Desde o final de 2024, o braço de private banking do BBVA na Suíça tem aconselhado discretamente seus clientes a adicionar Bitcoin e Ether às suas carteiras. De acordo com Philippe Meyer, que lidera soluções digitais e blockchain no BBVA Suíça, clientes ricos devem alocar entre 3% e 7% de seus portfólios em criptomoedas. Segundo relatórios, esse conselho visa aumentar os retornos sem expor os investidores a riscos excessivos.
O BBVA começou a realizar negociações de criptomoedas em 2021 para alguns clientes. Em setembro de 2024, Meyer afirma que o banco começou a recomendar formalmente uma participação de 3% em Bitcoin em portfólios equilibrados. Agora, clientes com maior tolerância ao risco podem investir até 7% em ativos digitais, refletindo a crescente confiança do BBVA nas criptomoedas como uma opção convencional.
Muitos clientes têm respondido bem até agora. Meyer observa que mesmo uma pequena alocação de 3% “já melhora o desempenho” de um portfólio diversificado e “você não está assumindo um grande risco” nesse nível. Oscilações de curto prazo ainda ocorrem—os mercados de criptomoedas podem cair 20% em uma semana—mas os clientes privados parecem prontos para enfrentar essas ondas em busca de ganhos maiores.
O regulamento de Mercados em Criptoativos da Europa (MiCA) entrou em vigor no final de dezembro de 2024. Este conjunto de regras governa emissores de tokens e prestadores de serviços em toda a UE. No entanto, a Autoridade Europeia dos Valores Mobiliários e dos Mercados relata que 95% dos bancos da UE evitam atividades com criptomoedas. O BBVA se destaca: em março de 2025, o regulador de valores mobiliários da Espanha deu aprovação formal para oferecer negociação de Bitcoin e Ether no país.

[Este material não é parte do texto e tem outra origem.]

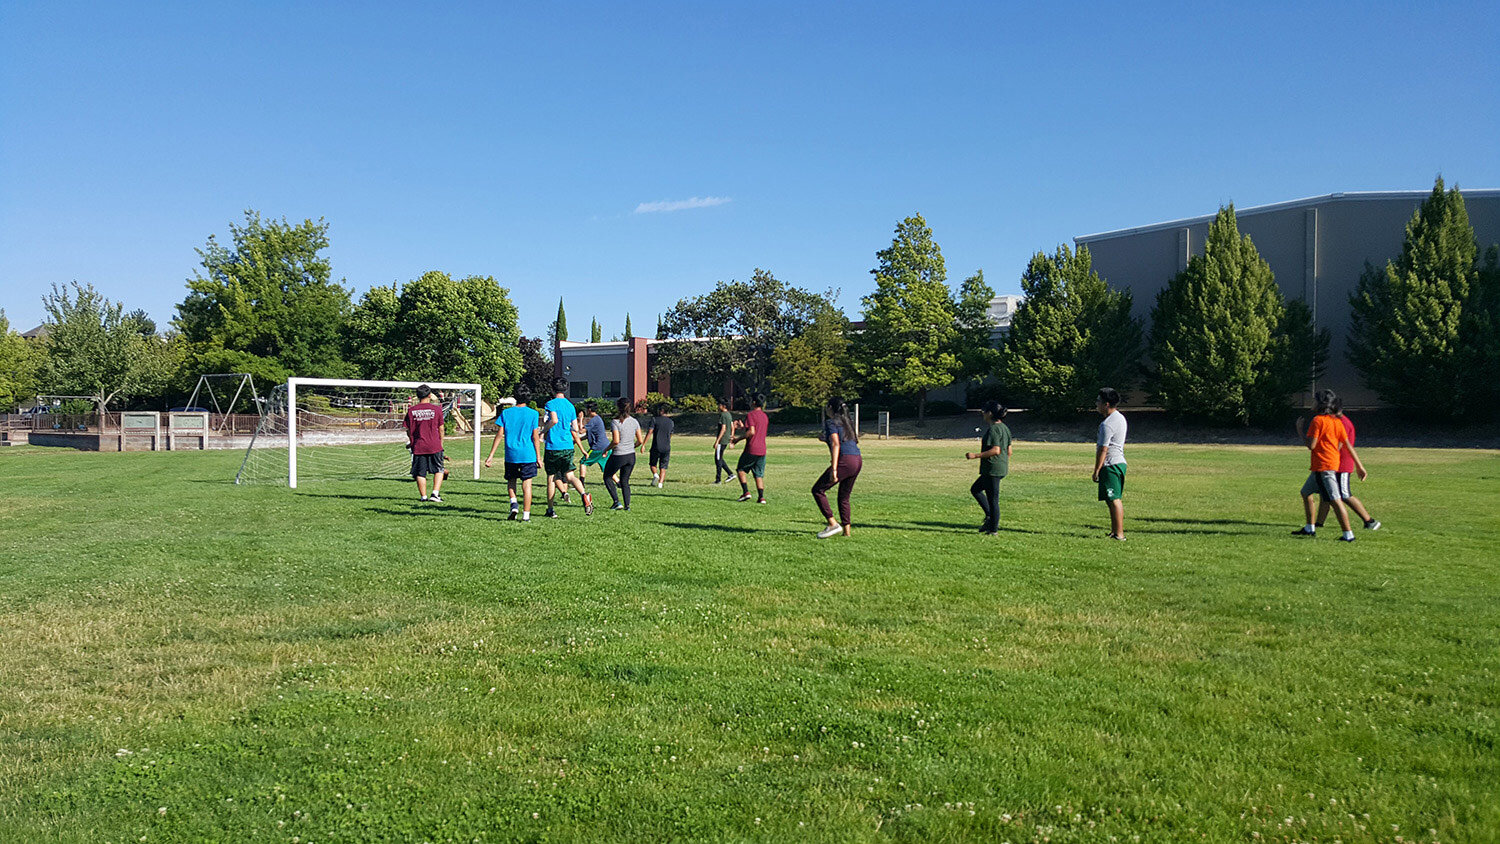  Life is More Than Test Scores: Soccer fills our Summer Days in Ashland 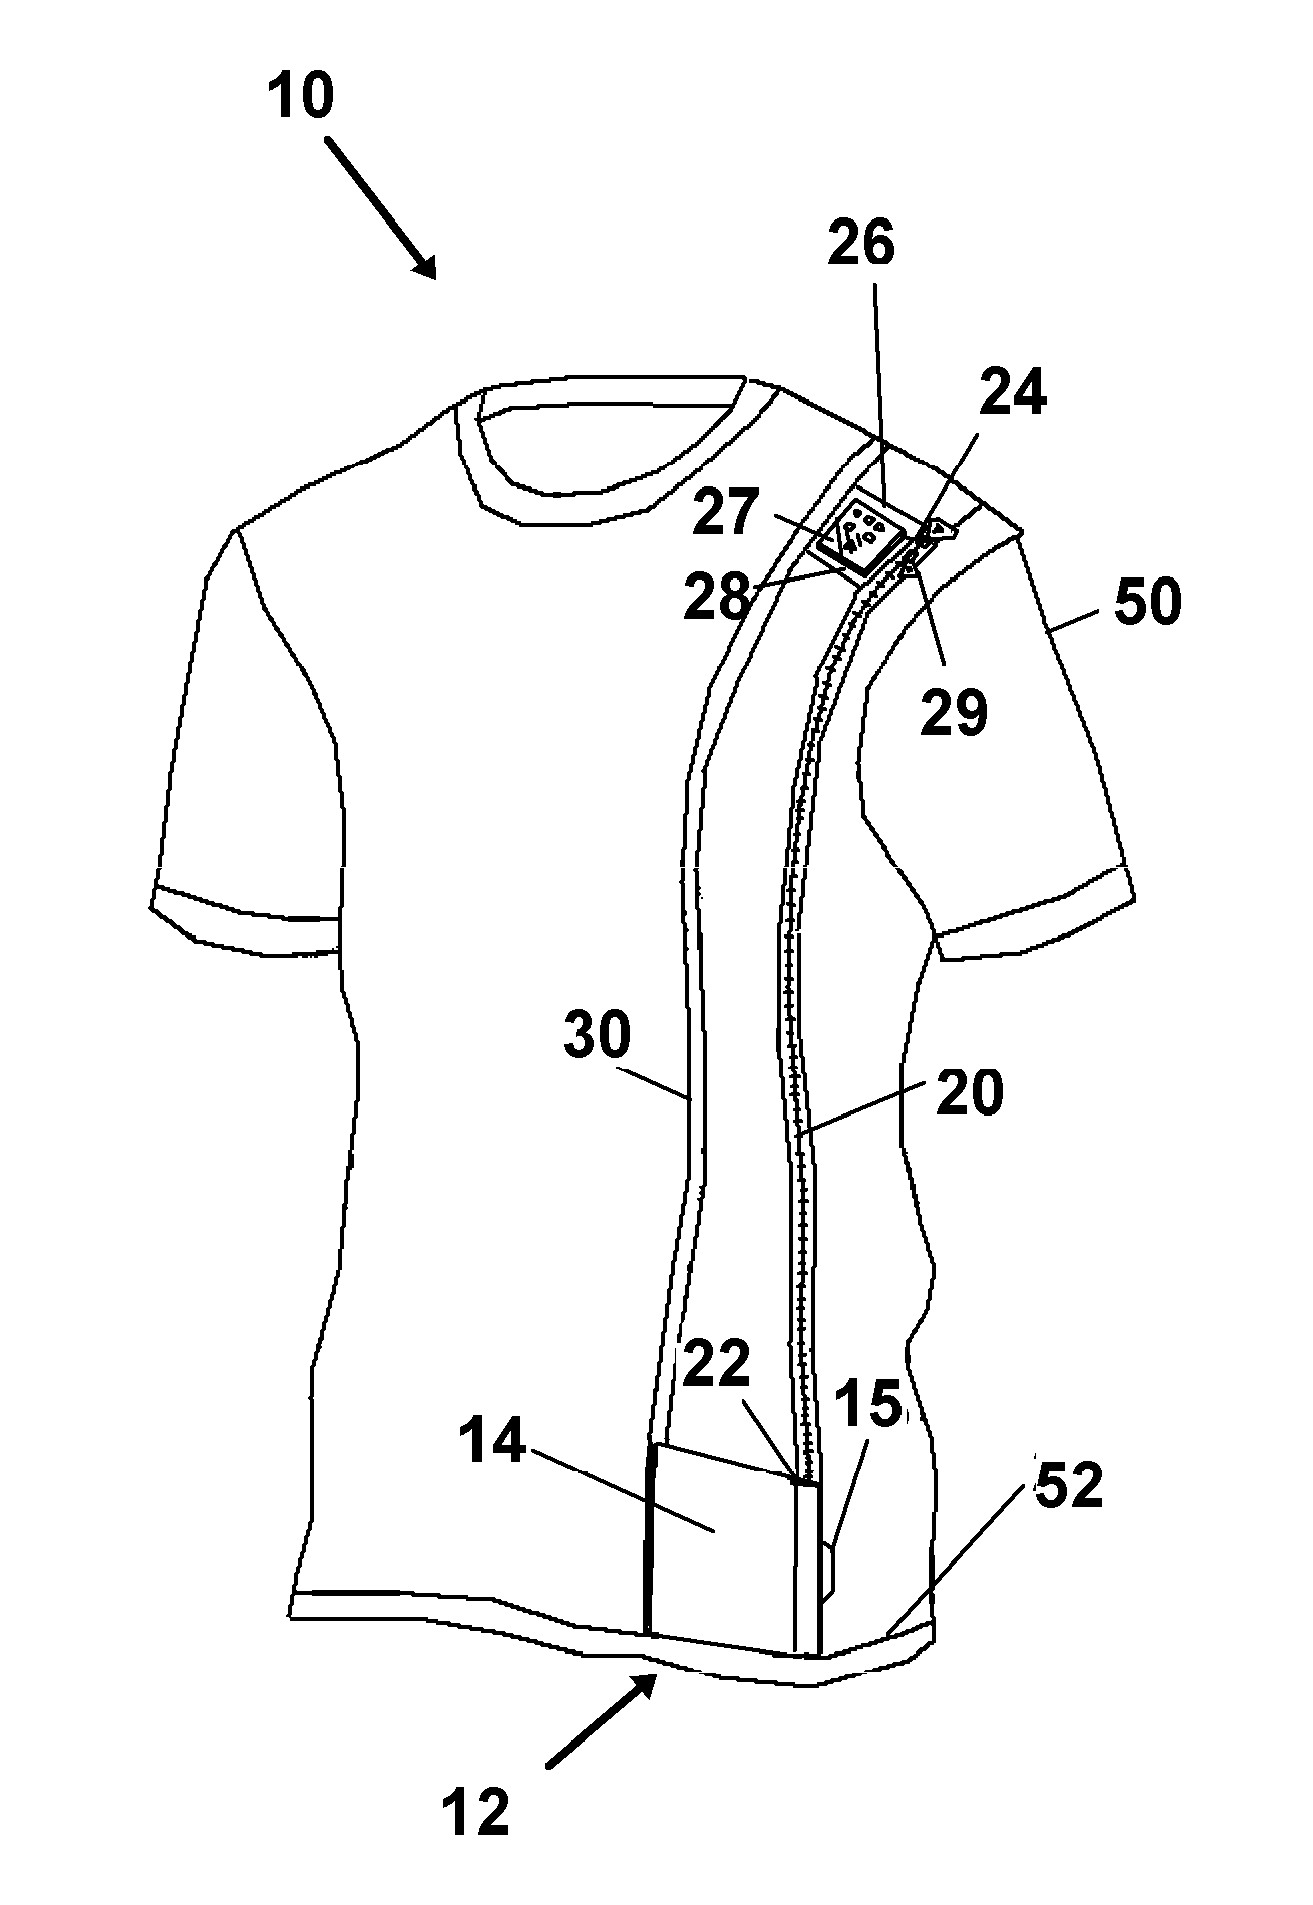 T-shirt Pocket for Touch Screen Mobile Devices

O BBVA planeja lançar recursos de compra, venda e gestão de portfólio em seu aplicativo móvel existente nos próximos meses. O lançamento começará com clientes selecionados antes de se expandir mais amplamente. Enquanto bancos rivais como o Santander exploram suas próprias stablecoins—vinculadas a dólares e euros—a iniciativa do BBVA pode estimular uma onda de serviços de criptomoedas convencionais. Por enquanto, apenas clientes de alto patrimônio líquido recebem esse conselho sobre criptomoedas. Mas se as alocações gerarem retornos sólidos e o BBVA resistir a eventuais quedas de mercado, outros bancos podem seguir o exemplo. Isso daria a mais investidores a chance de incluir criptomoedas ao lado de ações, títulos e imóveis. O verdadeiro teste virá se o Bitcoin ou o Ether caírem drasticamente. Se o plano cauteloso do BBVA se mantiver sob estresse, ele pode remodelar a forma como as finanças convencionais tratam os ativos digitais.